SUKOREJO, Radar Bromo– Seorang pelajar MTs di Kecamatan Sukorejo, Kabupaten Pasuruan berinisial DM, 15, mengalami luka tusuk di dada dan punggung.
Gadis itu diduga diserang teman sekolahnya sendiri yaitu ASf, 14, yang juga perempuan.
Kapolsek Sukorejo AKP Devi Afivanto mengatakan, peristiwa itu terjadi sekitar pukul 12.30 di pinggir jalan Desa/ Kecamatan Sukorejo, Kabupaten Pasuruan, Selasa siang (26/5).
Pelaku dan korban sekolah di tempat yang sama. Bahkan, keduanya tinggal di desa yang sama di Kecamatan Sukorejo, hanya berbeda dusun.
“Pasca kejadian, keluarga korban langsung melapor ke Polsek Sukorejo. Kasus ini kemudian dilimpahkan ke Polres Pasuruan karena korban dan pelaku masih anak-anak. Penanganan perkara dilakukan Unit PPA Satreskrim Polres Pasuruan,” terang AKP Devi.
Kanit PPA Satreskrim Polres Pasuruan Ipda Achmad Syaiffudin menambahkan, kasus tersebut saat ini masih dalam proses penyelidikan. Belum ada penetapan tersangka.
“Terduga pelaku satu orang, masih pelajar dan anak-anak. Statusnya belum ditetapkan tersangka,” jelasnya saat dikonfirmasi Kamis (28/5).
Berdasarkan keterangan polisi, korban ditusuk sepulang sekolah saat sedang berjalan kaki bersama teman-temannya.
Saat itu, tiba-tiba terduga pelaku menusuk korban beberapa kali dengan menggunakan pisau. Tepat mengenai dada dan punggung.

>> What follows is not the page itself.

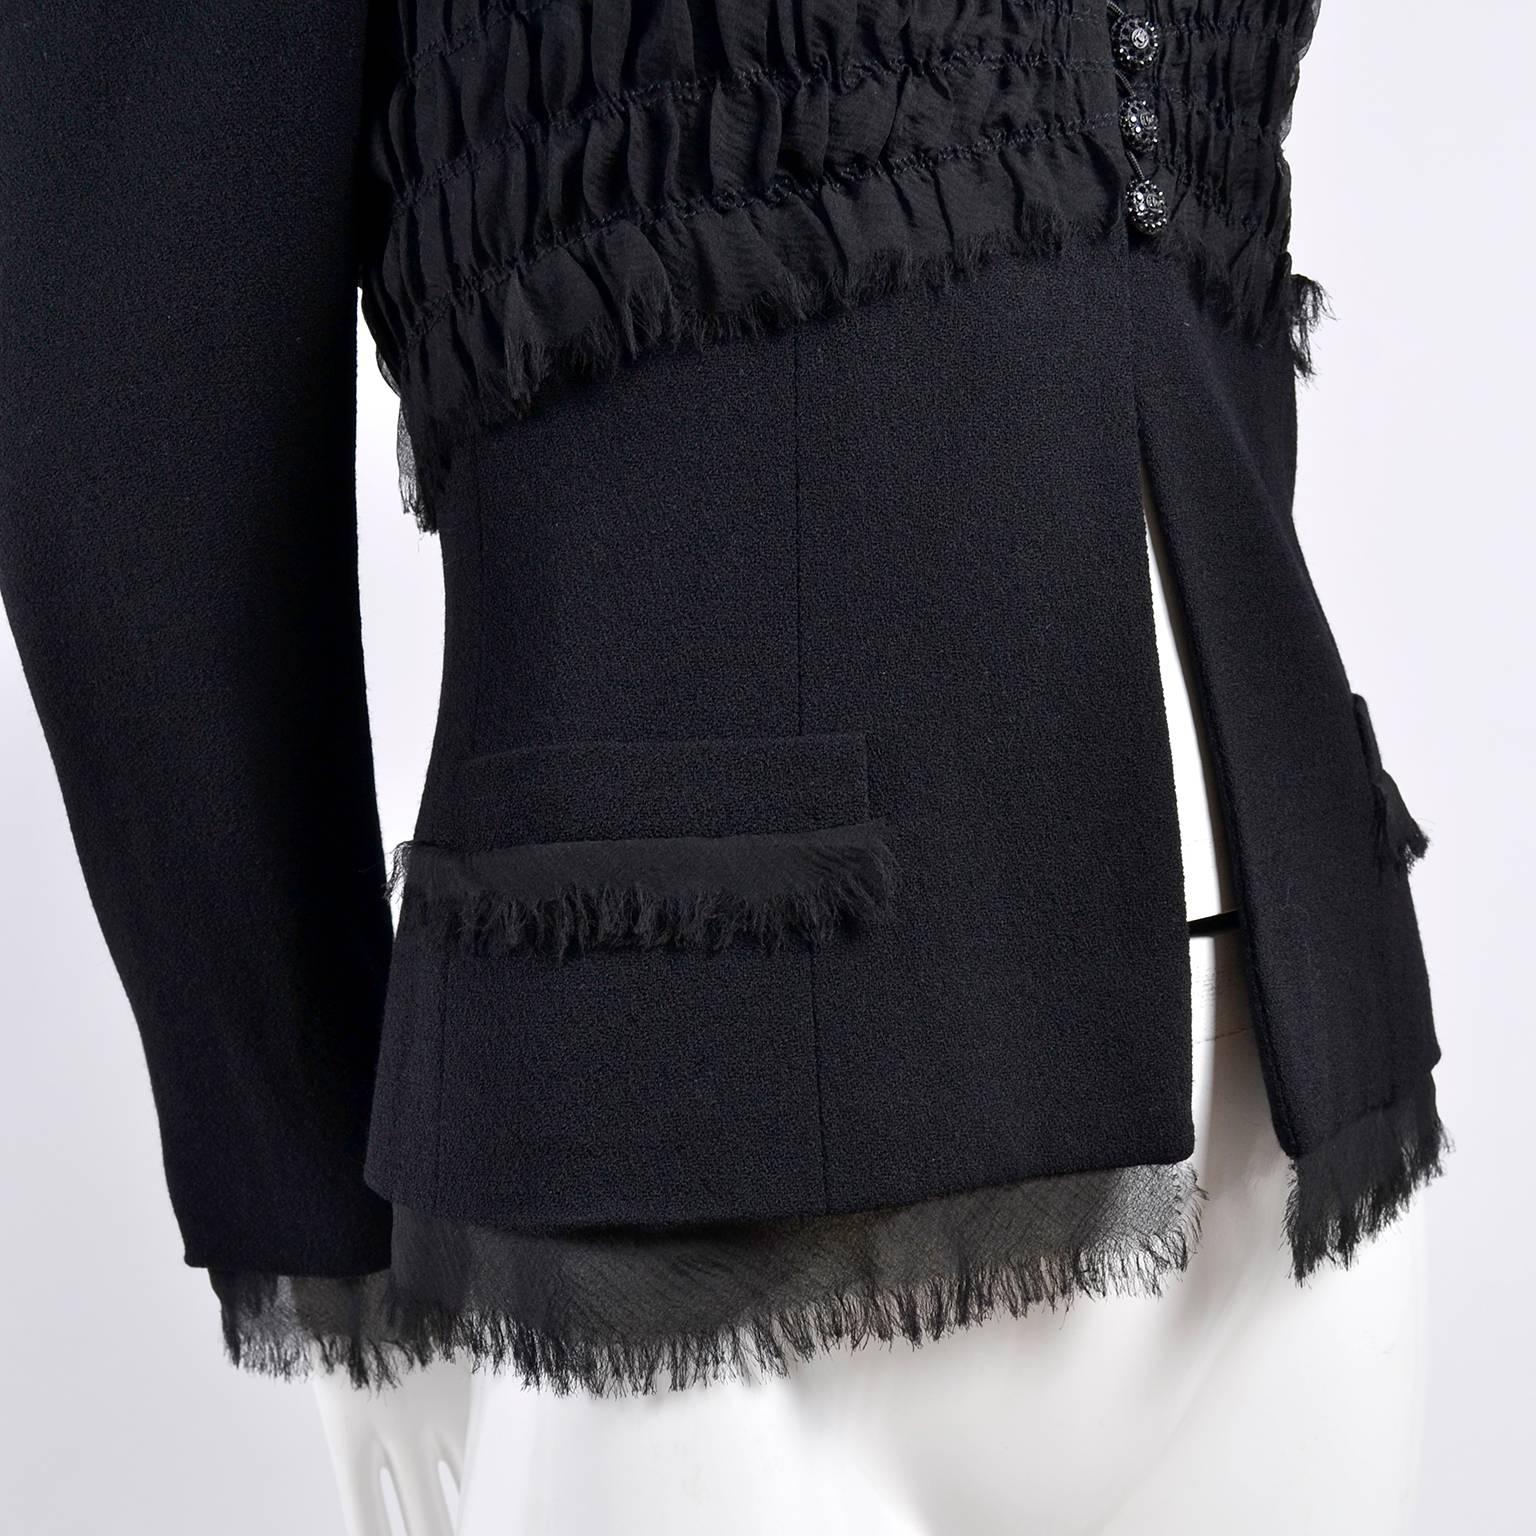 2004 Black Silk & Wool Chanel Jacket Ruching W Frayed Edges New w/ Tag 04 Sz 38 6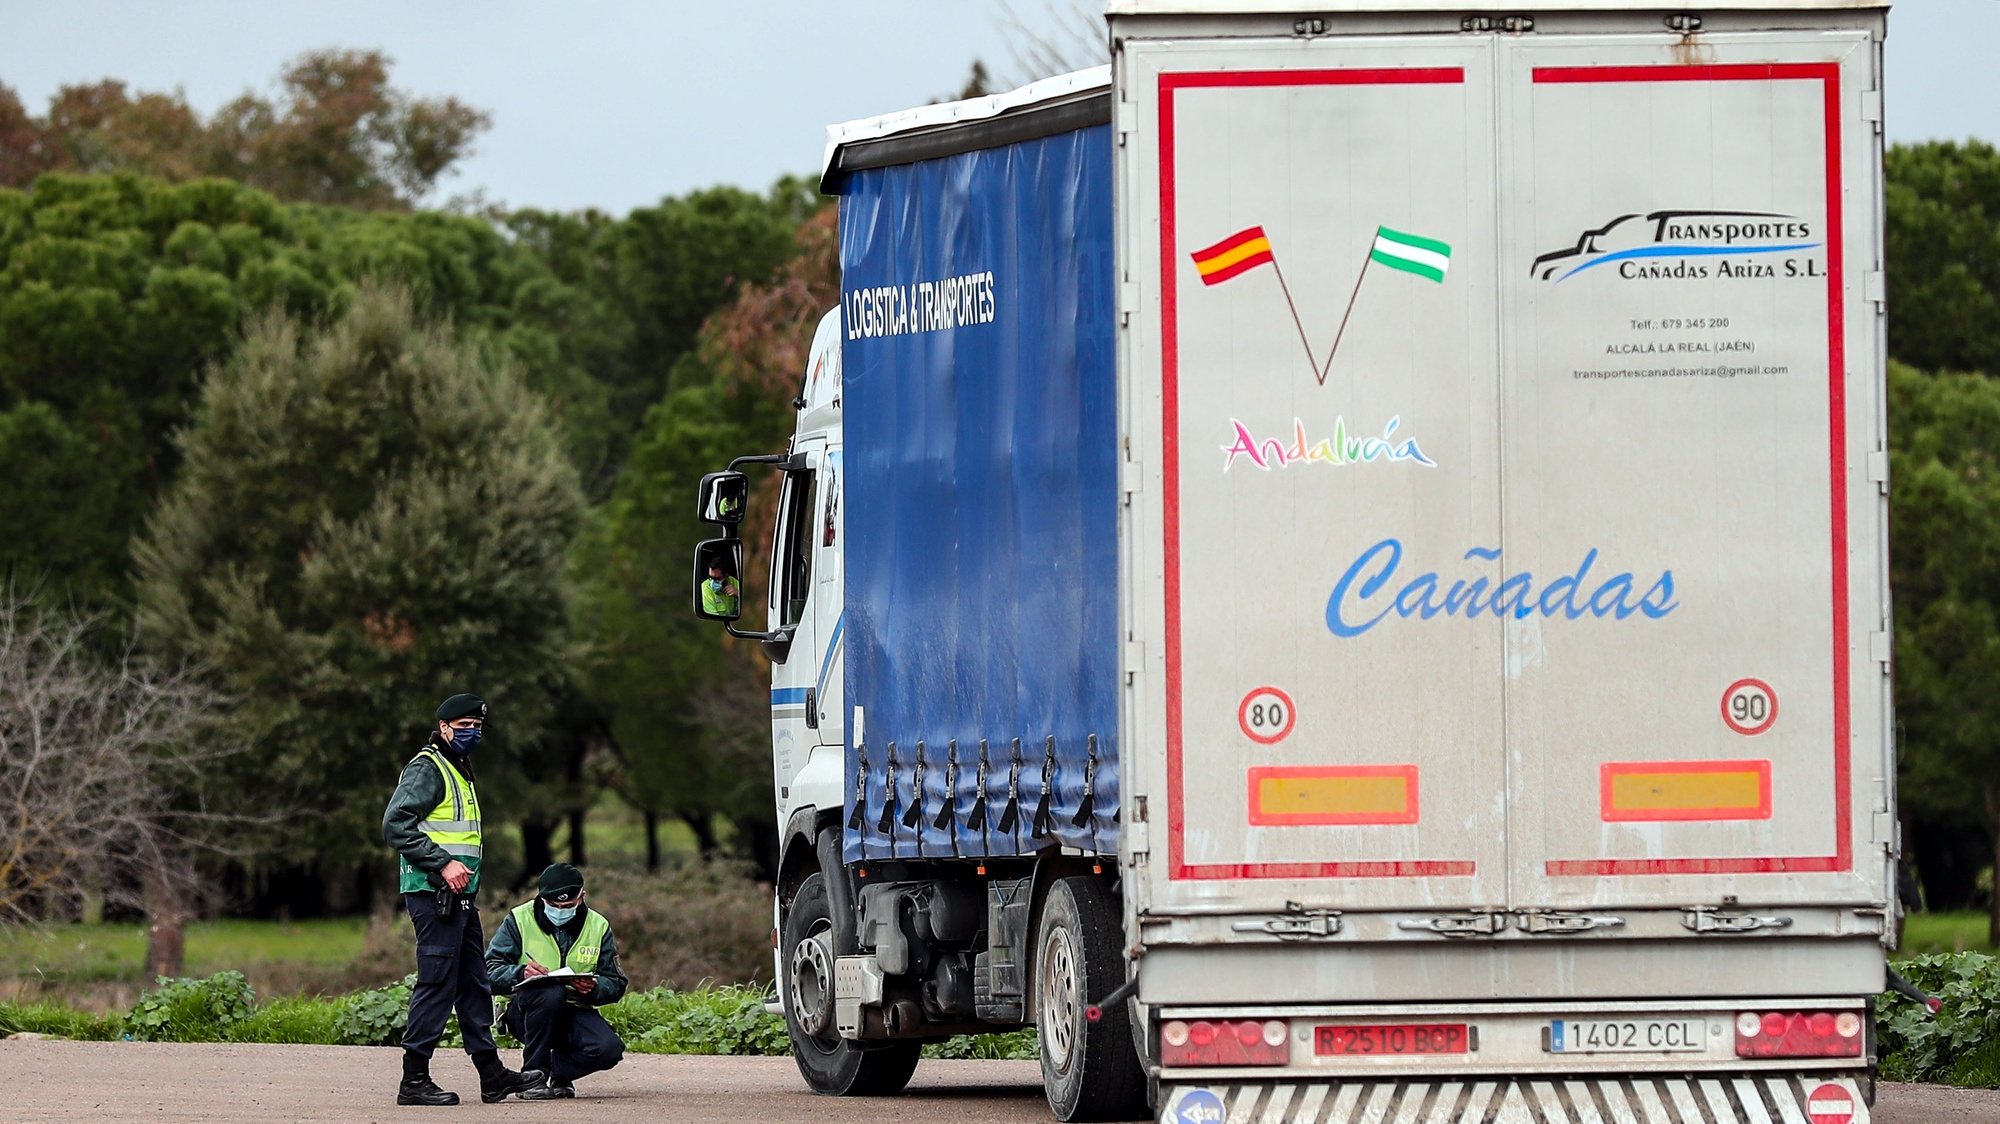 Agentes da GNR verificam a documentação de um camionista durante uma operação de controlo na entrada em Portugal pela fronteira do Caia (Elvas), 1 de fevereiro de 2021. As fronteiras foram repostas desde as 00:00 de domingo, dia 31 de janeiro, no âmbito das medidas para conter a propagação da covid-19 no território português. NUNO VEIGA/LUSA

Akibatnya, korban mengalami luka serius. Teman-teman keduanya pun langsung panik dan histeris melihat kejadian itu.
Beberapa siswa kemudian melapor ke sekolah yang jaraknya tidak terlalu jauh dari lokasi kejadian.
Pihak sekolah pun langsung datang. Kemudian, melarikan korban ke Puskesmas Sukorejo.
Namun karena lukanya cukup parah, korban kemudian dirujuk ke rumah sakit terdekat. Dan hingga berita ini ditulis, korban masih menjalani perawatan.
Sejauh ini, pihak kepolisian telah memeriksa lima saksi terkait kasus tersebut. Namun korban belum dapat dimintai keterangan karena masih dalam kondisi sakit.
Sedangkan terduga pelaku, tidak ditahan. Sebab, yang bersangkutan masih anak-anak. Dia juga belum ditetapkan tersangka.
Sampai berita ini ditulis, terduga pelaku bersama keluarganya di rumah. Dia dipulangkan ke rumahnya, setelah kejadian dengan dikawal pihak sekolah.
Terkait motif penusukan, menurut Achmad, diduga karena terduga pelaku sering di-bully oleh korban. Sehingga, terduga pelaku menyimpan dendam.
“Motifnya masih kami dalami lebih lanjut. Namun berdasarkan keterangan saksi-saksi yang sudah dimintai keterangan, untuk sementara karena terduga pelaku sering di-bully korban selama ini,” jelas Ipda Achmad.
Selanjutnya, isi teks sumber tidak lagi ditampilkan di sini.